I first moved to Calgary when the city was little more than one hundred years old. Coming from a country where a ‘new’ bridge built to replace an ‘old’ one could still be 500 years old, it didn’t seem to me that a place like Calgary could have much history.
What an arrogant attitude!
In the first place, the peoples of the First Nations had lived here for thousands of years with a history and traditions as old – if not older – than that of my home country.
Secondly.. we might think of history as being the realm of kings and queens, dukes and earls, generals and admirals, after all, they’re the ones who get their names in the history books. But REAL history is made by ordinary people doing extraordinary things. And when you see a city transformed from a simple wooden fort to a shining metropolis in less than four generations… well that’s purely down to the ambition, hard work and vision of those ‘ordinary’ people.

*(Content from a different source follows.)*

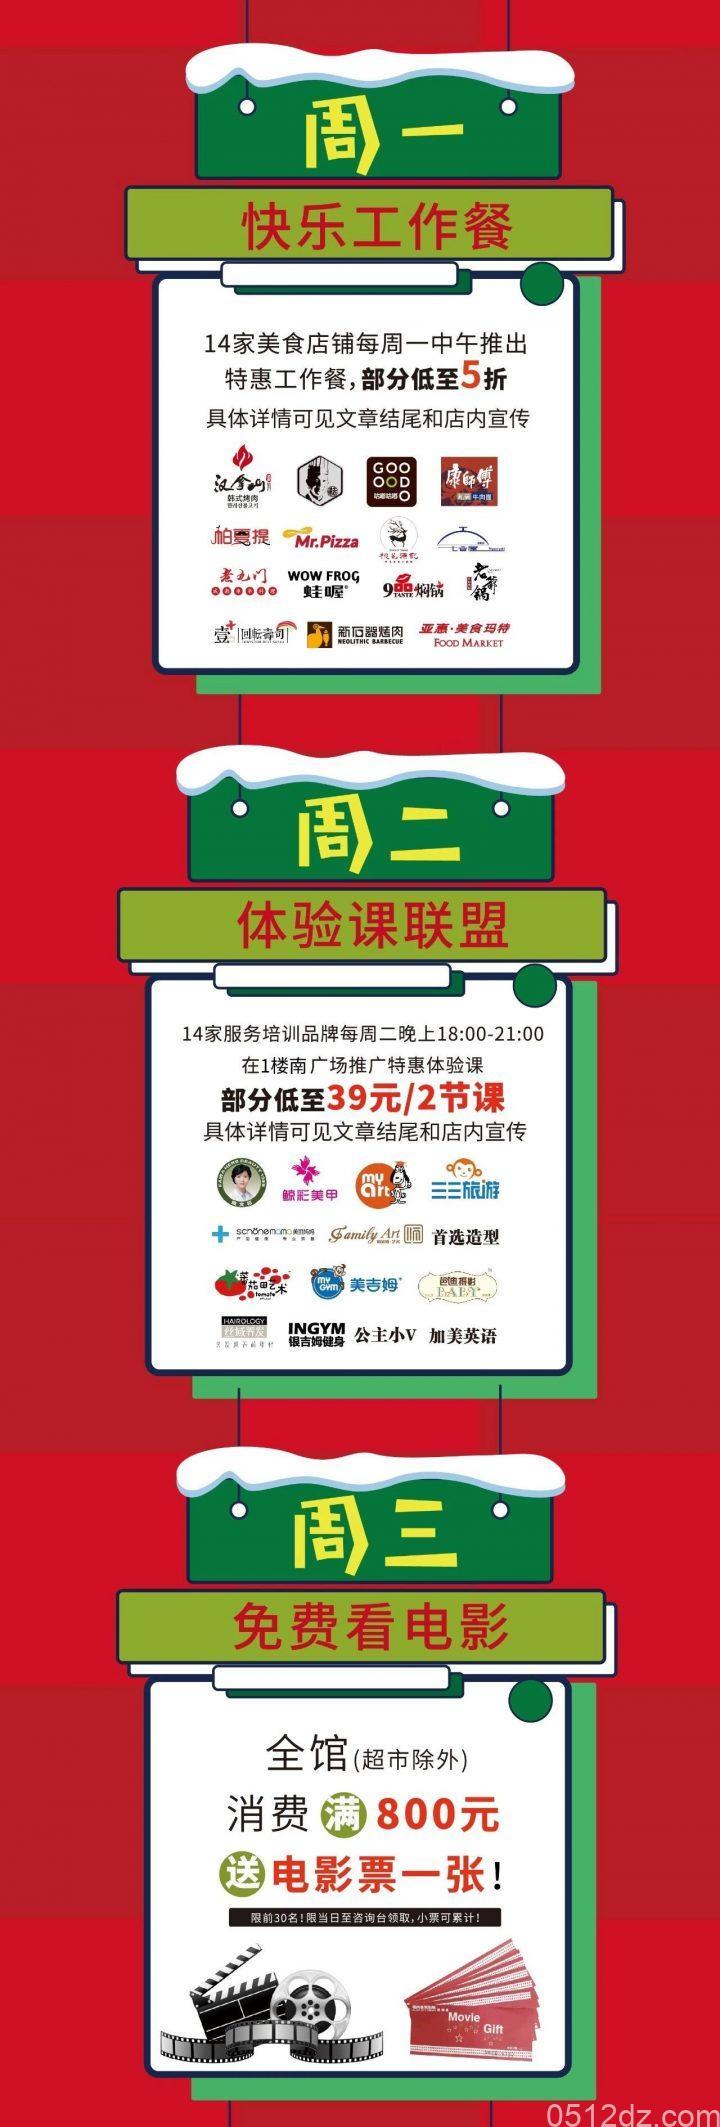 苏州永旺梦乐城12月每日福利来袭
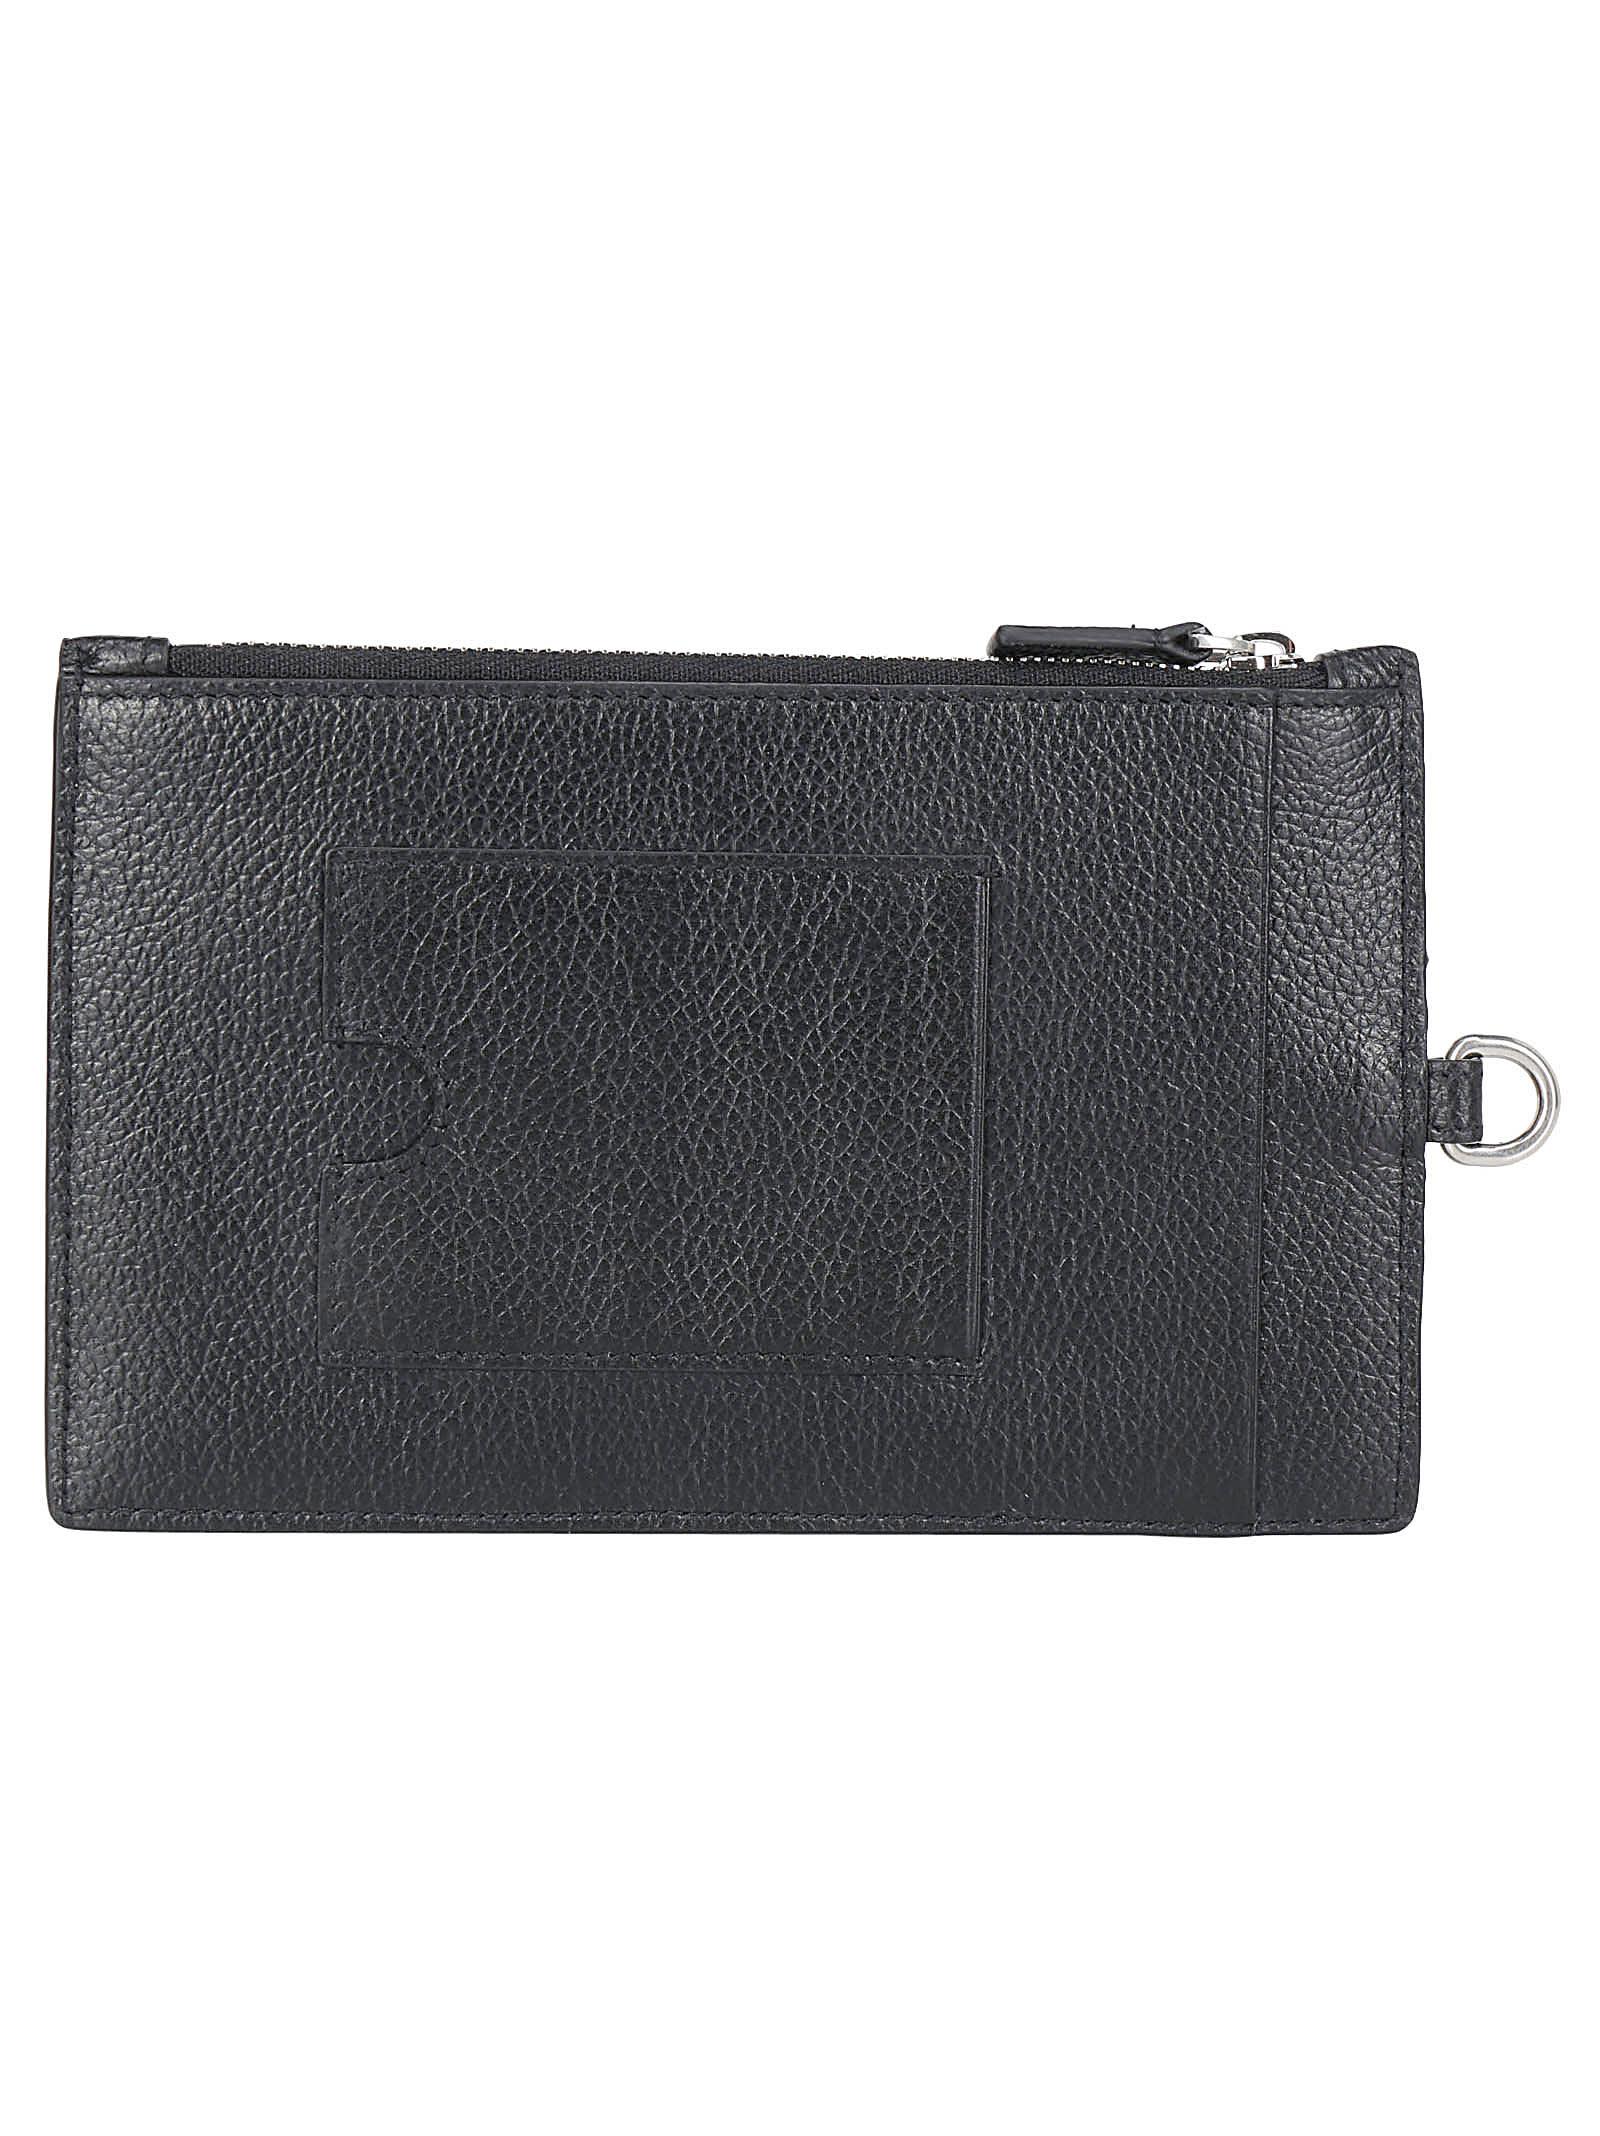 Cheap And Nice Balenciaga Wallet

Here are two of those people whose graves can be found in Union Cemetery.
COLONEL JAMES FARQUHARSON MACLEOD: Born in Scotland in 1836, he trained in Ontario as a lawyer, before joining the NWMP. Macleod was part of the famous March West in 1874, its remit being to establish law and order, stop the illegal whiskey trade, protect Canada’s border from encroachment by the Americans, and open up preliminary negotiations with the First Nations. He founded the fort, named in his honour – Fort Macleod – in what is now Alberta on the US/Canada border.
In 1875, he ordered Inspector Brisbois and 50 men from ‘F’ tropp to establish a post on the Bow River. Initially called Fort Brisbois, the name was changed to Calgary (after a village in Scotland) on the suggestion of Colonel Macleod.
Trusted by the First Nations as an honourable man, he was one of the signatories to Treaty Number 7 with the mainly Blackfoot First Nations.
Despite being Commissioner of the NWMP and working as a magistrate and judge, he died in 1894 a poor man, leaving a wife, five children and just $8.
JOHN WARE: Born into slavery in South Carolina in 1845, he moved west at the end of the American Civil War, finding work on a ranch in Texas where he became a skilled horseman. In 1882 he came to Canada on one of the great cattle drives north. He worked on various ranches (including the famous Bar U) before buying his own homestead in 1890 and then creating a ranch east of Brooks. Over time, he owned 1,000 head of cattle and 100 horses under his 9999 (The Four Nine) brand.
Tragically, for a man of whom it was said, “The horse is not running on the prairie that John Ware can’t ride,” he died on September 12th, 1905 when his horse stumbled on a gopher hole and fell on him. He was killed instantly.
John Ware‘s name is remembered in Calgary by John Ware Junior High School and the John Ware Building at the Southern Alberta Insititute of Technology. He is also commemorated in Mount Ware and Ware Creek.
Thank you for sharing these amazing stories with us. These men are an inspiration not just of us in general, but for me personally as a writer.
They’re such great people, aren’t they!